If a function has an oblique or horizontal asymptote but doesn't have any vertical asymptote, then can we say that the derivative of the function is bounded?
This question came in my mind while I was studying real analysis, geometrically I am able to see that it might happen but am not able to give any analytical proof.
Even if you restrict yourself to the case: "If a function has an horizontal or slant asymptote at $+\infty$ (or $-\infty$), there is a neighborhood of $+\infty$ (or $-\infty$) where the derivative is bounded", the statement is false.
Consider the function
$$f(x) = \frac{\sin x^3}x$$
(horizontal asymptote), or
$$f(x) = \frac{\sin x^3}x + x$$
(slant asymptote).
As an exercise you can show that, in the latter case, $$|f'(x)| > 3|x|,$$ when $x = \sqrt[3]{k\pi}$, $k\in \Bbb Z - \{0\}$.
EDIT Thanks to the discussion with Allawonder and the amazing counterexample given by user21820, I learned, that, rather counterintuitively, even differentiable functions that monotonically tend to an horizontal (or slant) asymptote, may have unbounded derivative.
Here I add nothing to what user21820 very precisely wrote in his answer and following comments (of which I thank him). I just want to add another counterexample of that kind, simpler than his, at the cost of losing infinite differentiability.
Take
$$t(x) = \begin{cases} 1-|x| & (|x|\leq 1) \\ 0 & (|x| > 1)\end{cases}$$
and define
$$g(x) = \sum_{k=1}^{+\infty} (2k-1) t\left((2k-1)k^2(x-2k+1)\right).$$
The function is sketched below.
It is easy to verify that the area of the $k$th triangle is $\frac1{k^2}$.
So if we now define
$$f(x) = \int_0^{x} g(t)dt$$
we obtain a monotonically increasing function, with
$$\lim_{x\to+\infty}f(x) = \frac{\pi^2}{6}$$
with unbounded derivative.
No, consider the exponential function $f(x) = e^x$ defined for all real numbers. It has a horizontal asymptote (the horizontal $x$-axis) but has no vertical asymptote (by vertical asymptote I assume you mean something like $1/x^2$ at $x=0$) however, its derivative $f'=f$ is unbounded.
Consider the function $f$ on $(0,∞)$ defined by $f(x) = \sin(x^3)/x$ for every $x∈(0,∞)$.
It has a horizontal asymptote at $∞$, but obviously has unbounded derivative.
A natural question that arises is whether the derivative must always be bounded if the function is differentiable and monotonically approaches a non-vertical asymptote (i.e. the difference between the function and the asymptote tends monotonically to zero). The answer is still no.
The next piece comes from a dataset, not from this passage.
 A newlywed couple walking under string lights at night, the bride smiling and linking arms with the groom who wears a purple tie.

Consider the function $g$ on $(0,∞)$ defined by $g(x) = \int_0^x t·(\cos(t)^2)^{t^4}\ dt$ for every $x∈(0,∞)$. (In case you cannot see, the outer exponent is $t^4$.) Note that the squaring of $\cos(t)$ is to ensure that the outer exponentiation is well-defined.
Then clearly $g$ is monotonically increasing, and I'll leave it as a fun exercise for you to prove that $g$ is bounded, and hence $g$ has a horizontal asymptote. But $g'(x) = x·(\cos(x)^2)^{x^4}$, which is clearly unbounded even as $x→∞$. Moreover, $g$ is infinitely differentiable!
Hints for the exercise:
(1) $c^{t^4} ≤ c^{(k·π)^4}$ for every $c ≥ 0$ and $t∈[k,k+1]·π$.
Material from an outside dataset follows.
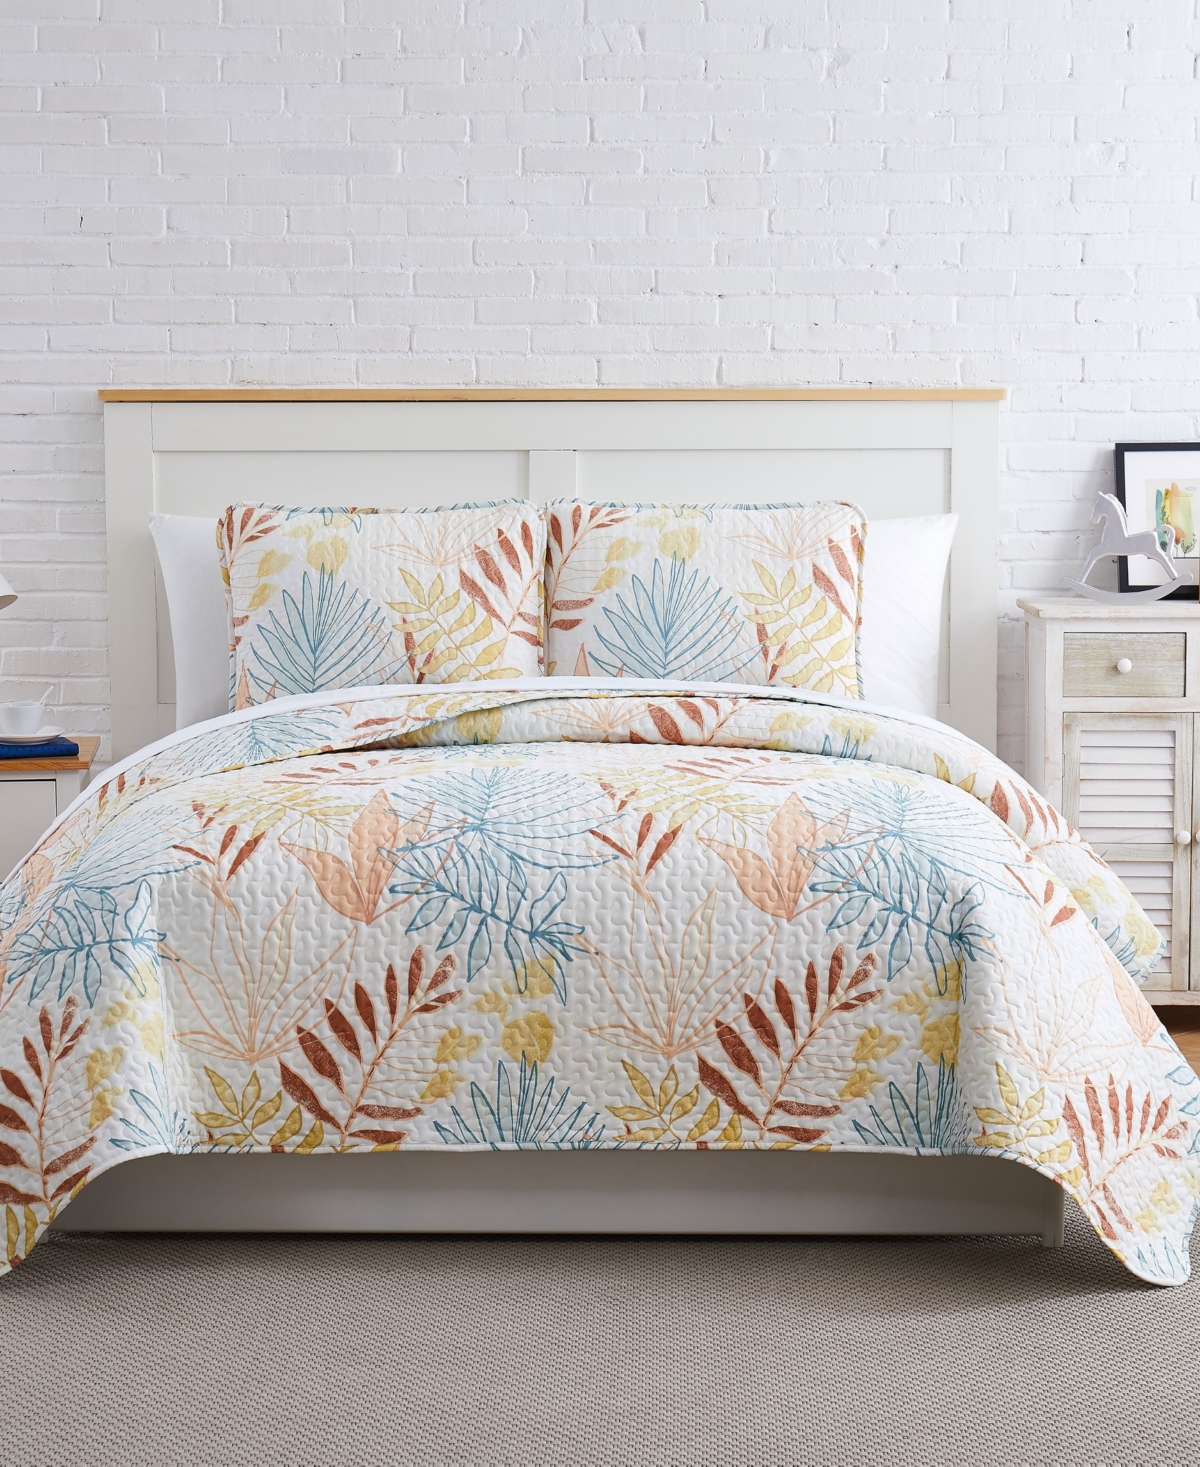 Southshore Fine Linens Tropic Leaf Quilt And Sham 3 Piece Set, Full Or Queen In Multi

(2) To bound $\int_0^{π/2} (\cos(t)^2)^{p^4}\ dt$, prove that $\cos(t)^2 ≤ \exp(-t^2/2)$ for every $t∈[0,π/2]$, and so $\int_0^{π/2} (\cos(t)^2)^{p^4}\ dt ≤ \int_0^{π/2} \exp(-p^4·t^2/2)\ dt = \int_0^{π/2} \exp(-t^2/2)\ dt / p^2$.
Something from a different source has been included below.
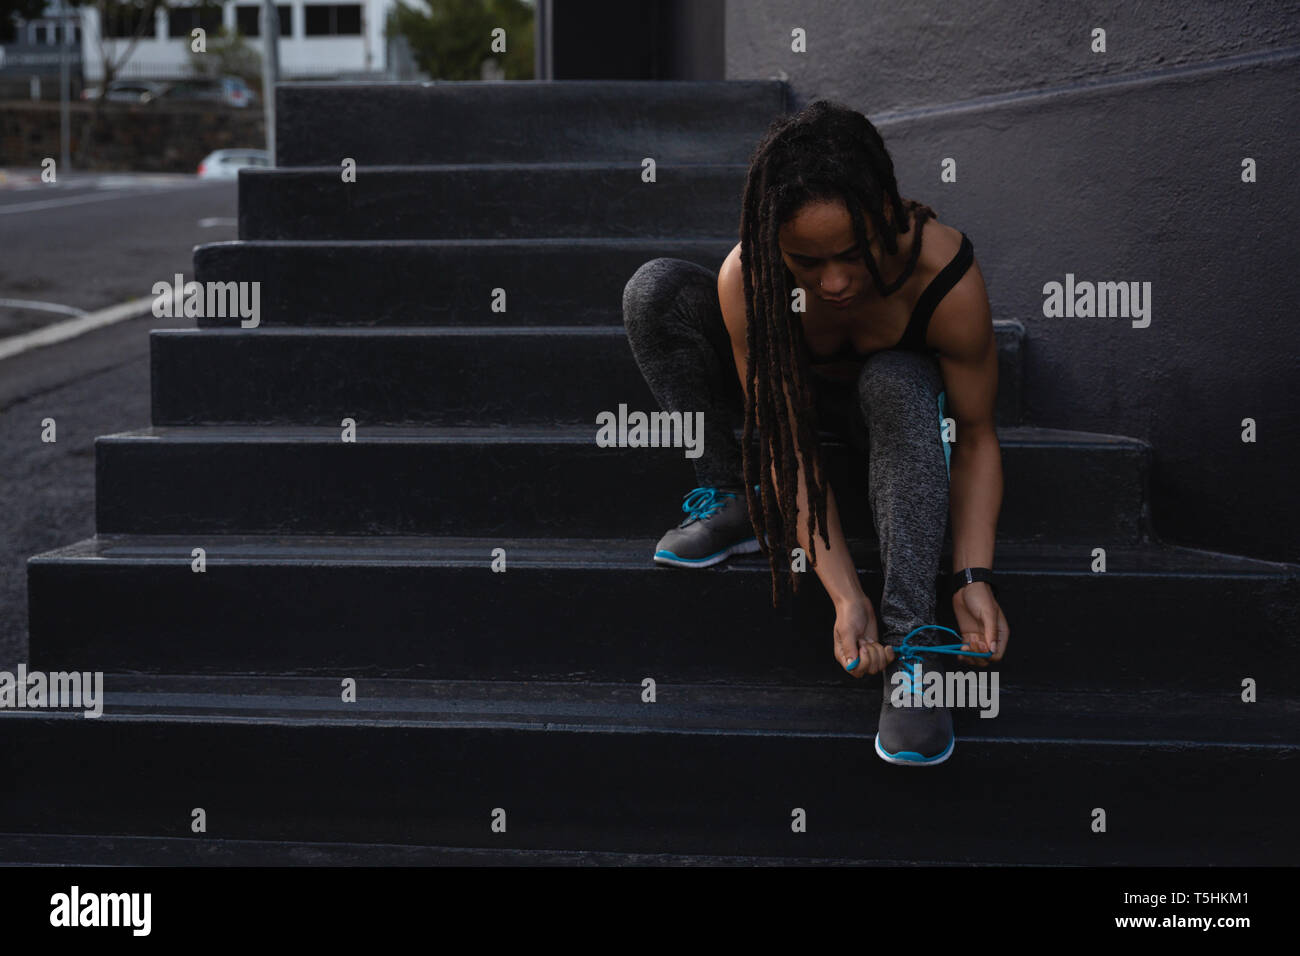 Young woman tying her shoelaces on stairs in the city Stock Photo

Edit-Edit: From the answer of @user21820 it appears that even in the case where a function monotonically approaches an asymptote it still doesn't follow that the derivative should be bounded at infinity. This is a real lesson in the possibility of being badly misled by intuition.
Edit: As the counterexamples of @dfnu show, having an asymptote at infinity doesn't imply a bounded derivative near infinity, as I assumed in my previous answer below. I'm leaving this because I think you were thinking along similar lines. I wouldn't normally think of a snaky curve as being asymptotic, but it fits the definition nicely, so one has to admit that this is not true in general. It's probably true only for curves that are monotonically asymptotic to a line -- which were the only type I'd (insufficiently) had in mind while composing the previous answer below.
I see what might have led you into this thinking. Having a nonvertical asymptote means the derivative has a limiting value at $\pm \infty,$ but that's all that one can conclude -- without additional hypothesis.
Thus, it doesn't follow that if a function has a limiting value then it is bounded -- except for some classes of functions -- namely those defined on $(-\infty,a]$ or $[a,+\infty)$ for some real $a,$ and which are continuous at their finite endpoints, or else those defined on $(-\infty,+\infty)$ and having asymptotes at both "endpoints". That is, you've been implicitly (if my retracing of your thinking is correct) making the assumption that your function should be defined only on half-open intervals with one infinite endpoint and continuous at the finite endpoint -- or else it must have asymptotes at both $+\infty$ and $-\infty.$ These are additional conditions that guarantee that the derivative is bounded.
So, for example, you might originally have been thinking of something like the arctangent function defined on the real line. Thus, if a function is defined and continuously differentiable on $\mathbf R,$ and it has asymptotes at both $+\infty$ and $-\infty,$ then it's derivative should be bounded. If it's defined and continuously differentiable on either $(-\infty,a]$ or $[a,+\infty),$ and it has an asymptote at $\pm \infty,$ then again the derivative is bounded. An example of such would be the exponential function defined for $x\ge 0.$
I think this was what you had in mind. Now that we have clarified the problem can you try to find a proof?
$$f(x) = \begin{cases} \frac{\sin x^2}{x} & (x\neq 0) \ 0 & (x=0)\end{cases}$$
is continuously differentiable everywhere, and does have horizontal asymptotes, but the limit
$$\lim_{x \to \infty} f'(x)$$
does not exist. Am I right?
– dfnu Aug 03 '19 at 08:44